I took the dog to the vet today cuz he’s been throwing up and acting out of character. Either something’s wrong or dogs can catch bipolar. The vet said that he has a lot of gas and liquid in his intestines. So he took some blood tests and we’ll see what happens when I call in the morning. The vet also said he was overweight, had another ear infection, and his teeth have a lot of plaque build up. I ended up having to take off work. I just felt like such a horrible mother. I’ve even been so careful about his weight because I know one of his parent breeds has a tendency toward obesity. And the ear problem is my fault because i didn’t clean them like i was supposed to. And i bought a toothbrush and toothpaste a while ago, but I don’t know how to brush his teeth.

i’ve been laying around all day, picking at food, and feeling generally like crap. i got over the bad mom thing but i’m moody. and it’s not even that time of the month!

i don’t even know what to do with myself. I’m bored but i can’t keep the attention to do anything. i don’t even know how it got to 6:30.

And I swear if this dog keeps whining i’m going to throw him off the balcony!!!!

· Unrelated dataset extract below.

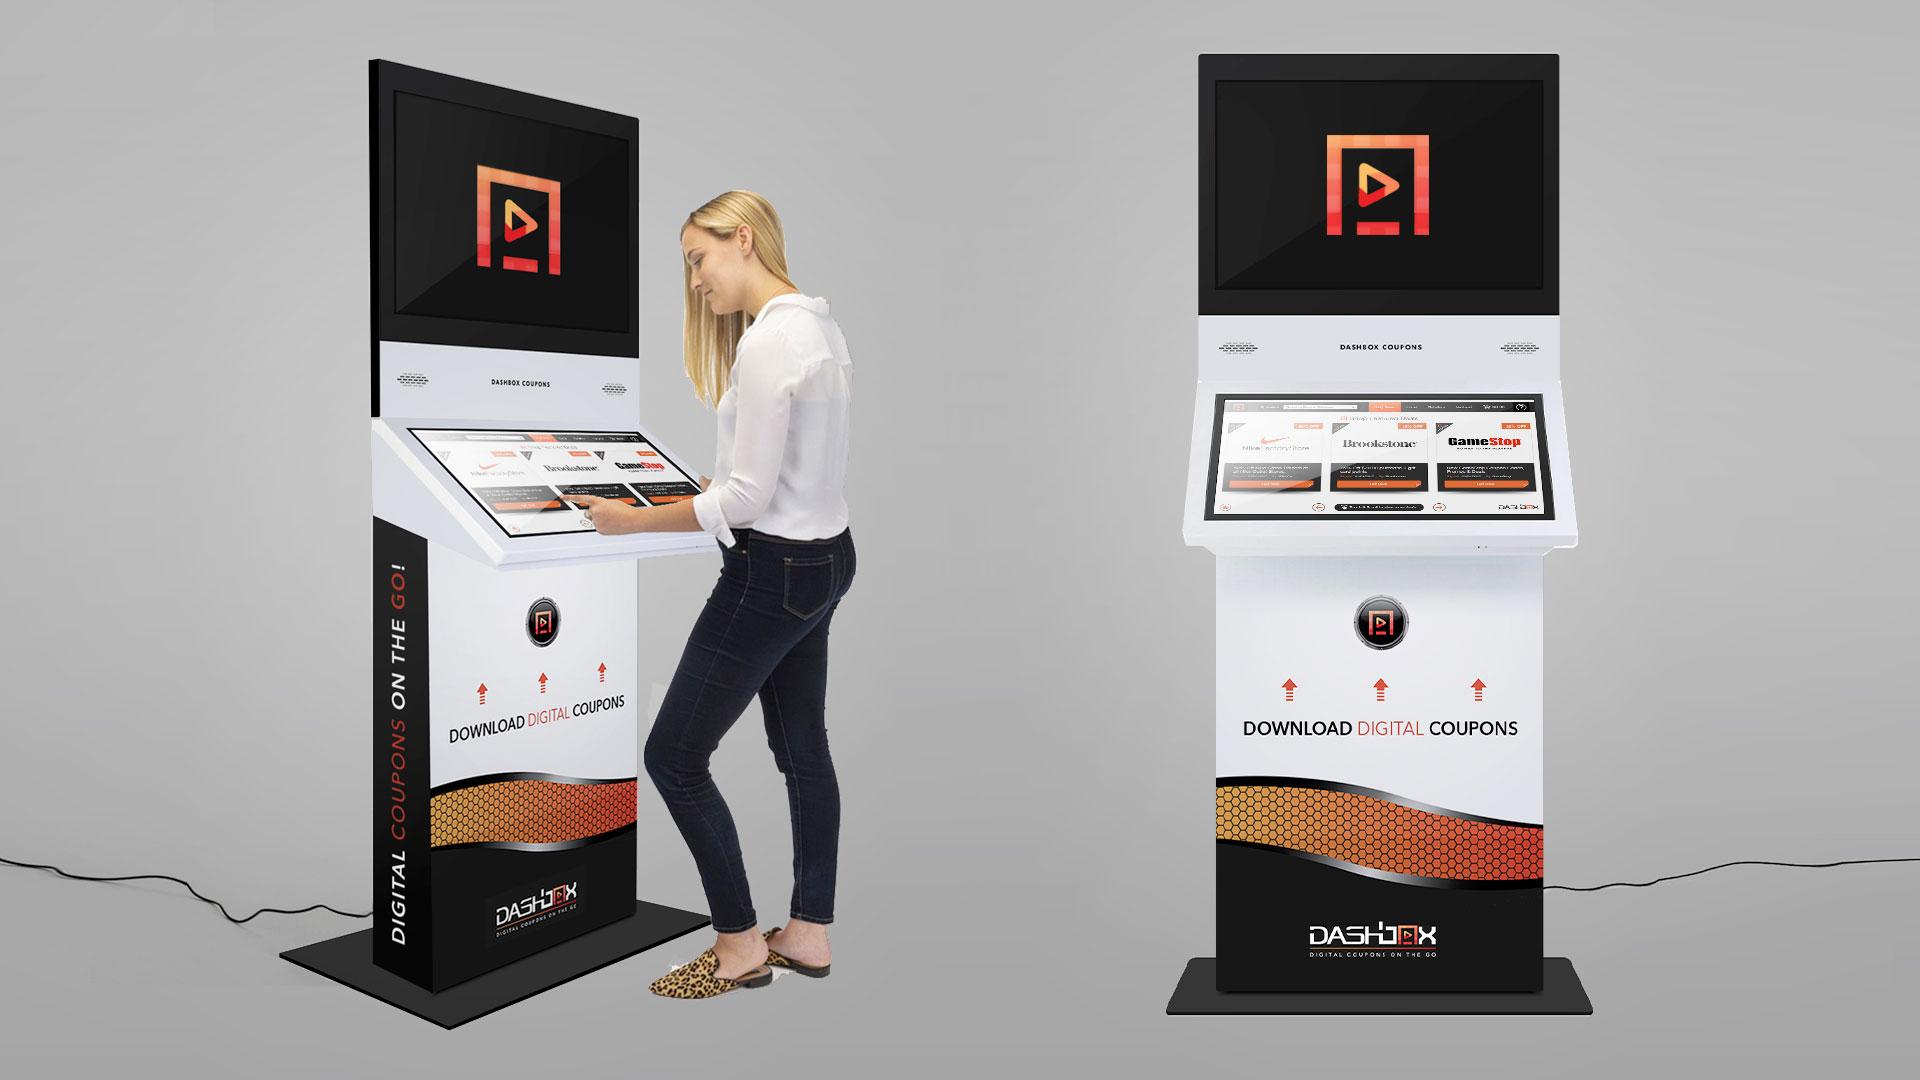 RITS Creative team designs new Digital kiosk Mockups for our client DASH MEDIA

my head hurts and the two sodas and advil are not helping.

i think i’m anxious too. and definitely restless.

it’s hot. It should not be 80 degrees in april. and the mosquitos are ridiculous. i feel itchy all over and it feels like little bugs are biting me. ugh!

i’m a hot ass mess.

It’s really hard for me to spend any length of time away from my husband. I’m at a conference right now and I’m really missing my husband. It doesn’t help that I’m sleep deprived. I always get more emotional when I haven’t slept.
I’ve been in this really awkward mood state lately. Like I get agitated and irritable and I talk a lot and can’t shut up. And I’m so angry and have like no censor on my mouth. And even though I’m exhausted I have the hardest time falling asleep. And I can’t focus at all. And I have no appetite. I don’t know what’s going on with me.
And I miss my husband.

Current mood: Who the hell knows.

So I’ve fallen off the boat with mood charting–in a sense. Of course that’s really nothing unusual. The only thing constant in my life is that nothing is ever constant.

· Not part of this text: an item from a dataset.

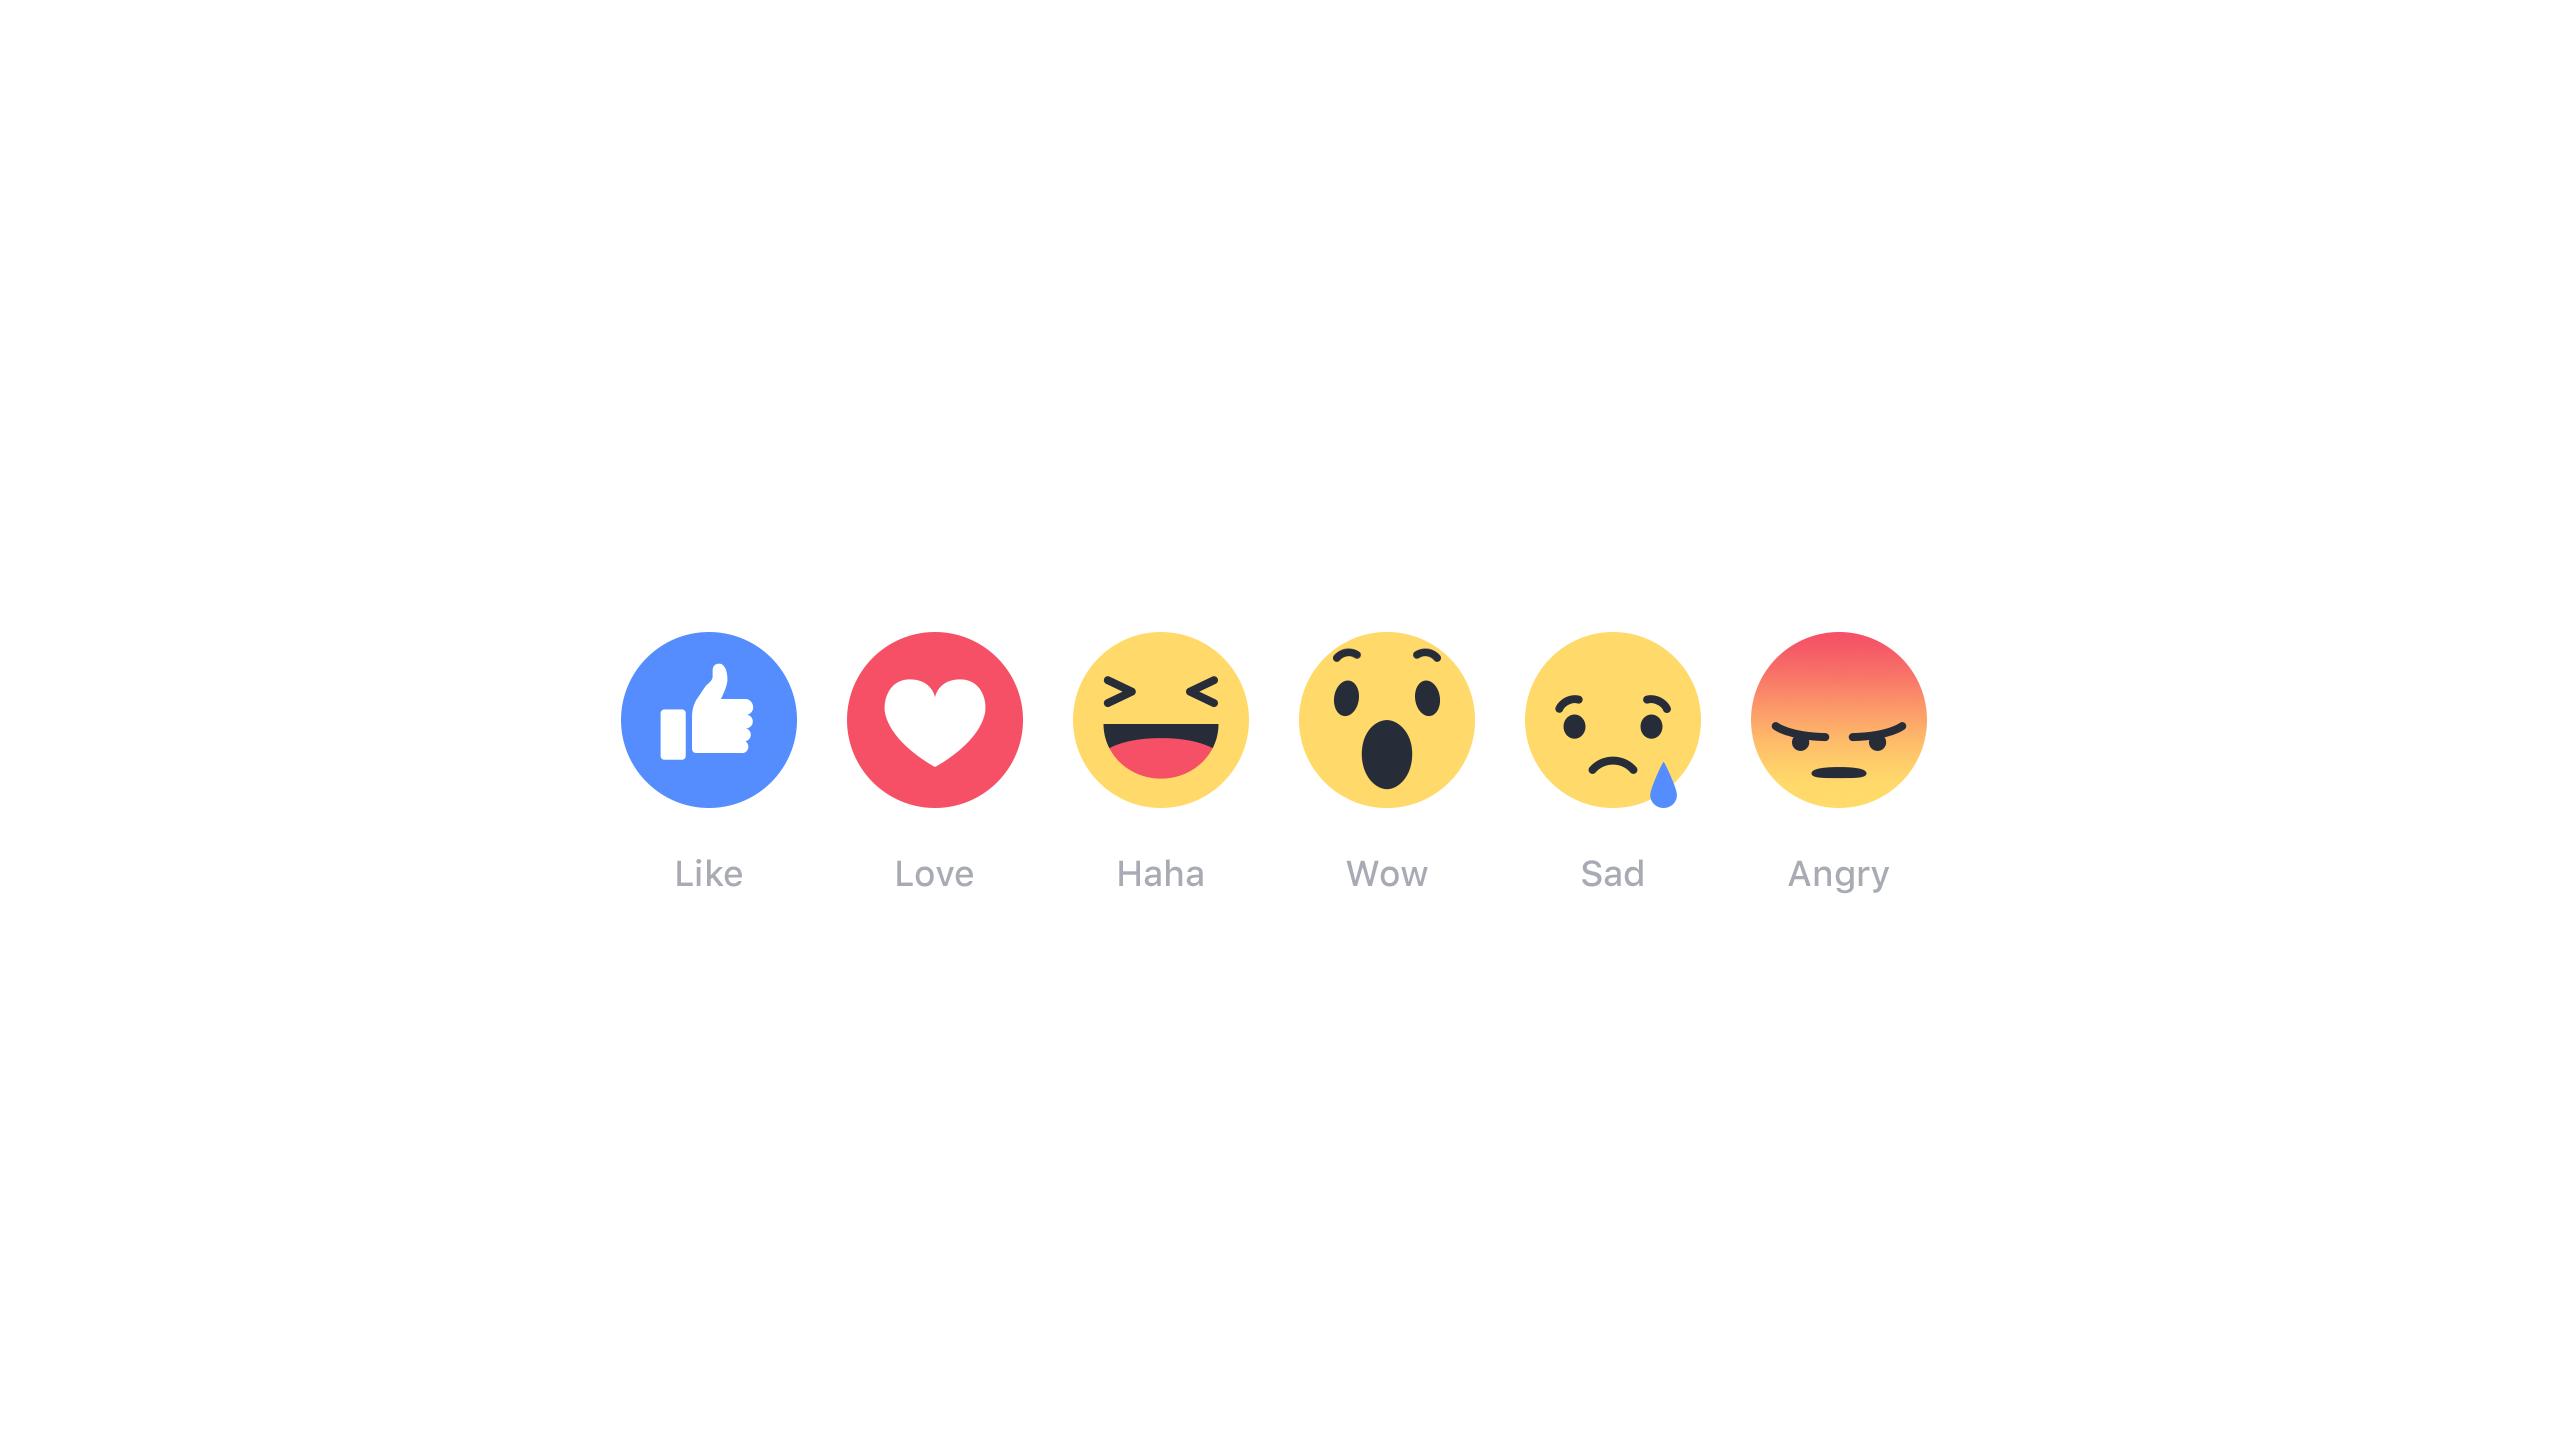 Meet Facebooks New Emoting Emojis Love Haha Wow Sad And Angry

I have no idea who I am, who I was, or who I want to be. I told my Brand New Therapist that I need help figuring out who I am. She didn’t seem to get it so I guess I’m screwed.

I did get rid of Dr. A-Hole–finally! The possible new psychiatrist is supposed to call me when they get my records. I also scheduled an appointment with my PCP, which isn’t until two weeks from now. But hopefully I will get my ADHD meds. Once I see the new psychiatrist I’m gonna ask about anxiety meds because I really have felt like I might shank somebody lately. (Please note this should be taken as a Tarasoff warning. I promise that everyone around me is safe, except perhaps my less aggressive personalities.)

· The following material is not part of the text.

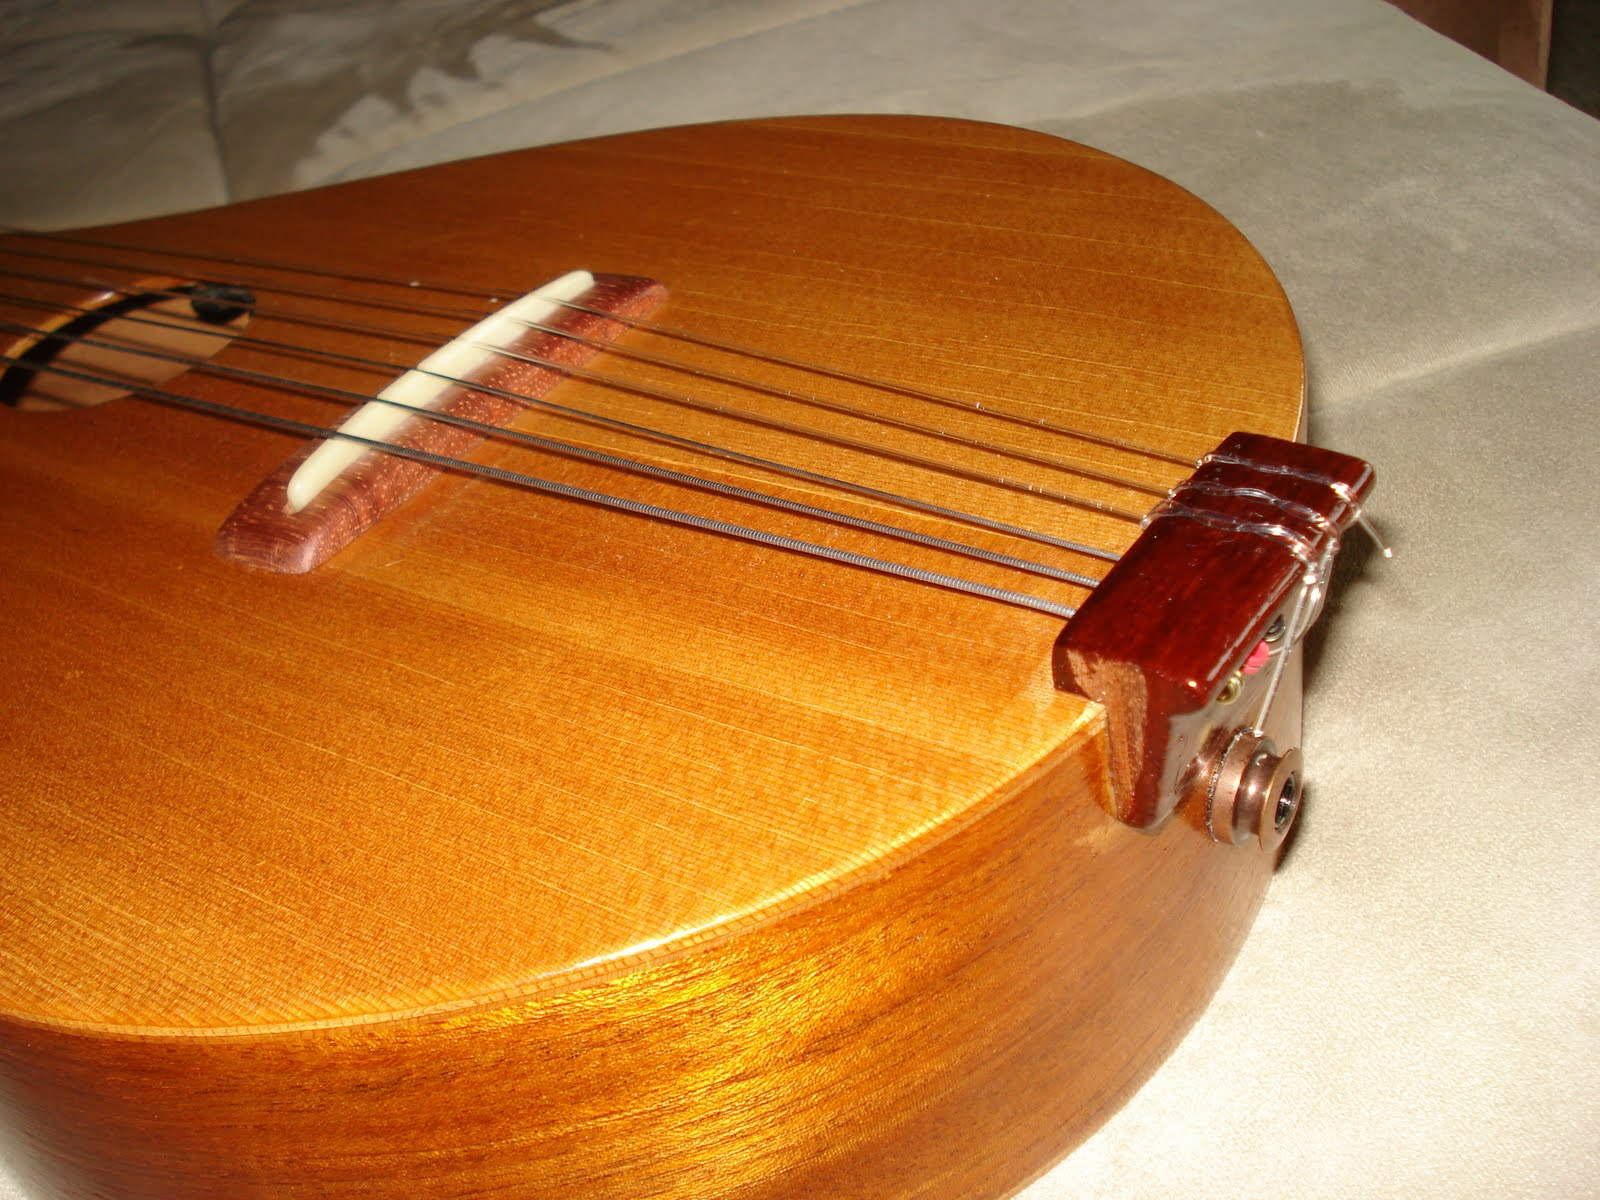 Feb 2010 nylon strings i

I do have an idea spinning in my head. I think I want to start a Zine about mental illness and identity. I used to contribute to a Zine that has since gone under. Granted considering my unconstant blogging, who knows how long the Zine would actually go. I’m thinking if I had a solid deadline, I could keep it up. Would anyone be interested in contributing. I mean, it would be kinda boring if it was just a bunch of my crap. Let me know.

And now a word of wisdom:

Do not hold in farts. It is a way for your body to get rid of gas that can hurt it. When possible, fart in someone’s face. It’s not good for your body, but it’s really funny. – Chuy, Chelsea Lately (not sure if I quoted that correctly but apparently he has a new book. Maybe I can find a 2 for 1 deal for Chelsea’s newest book and Chuy’s book.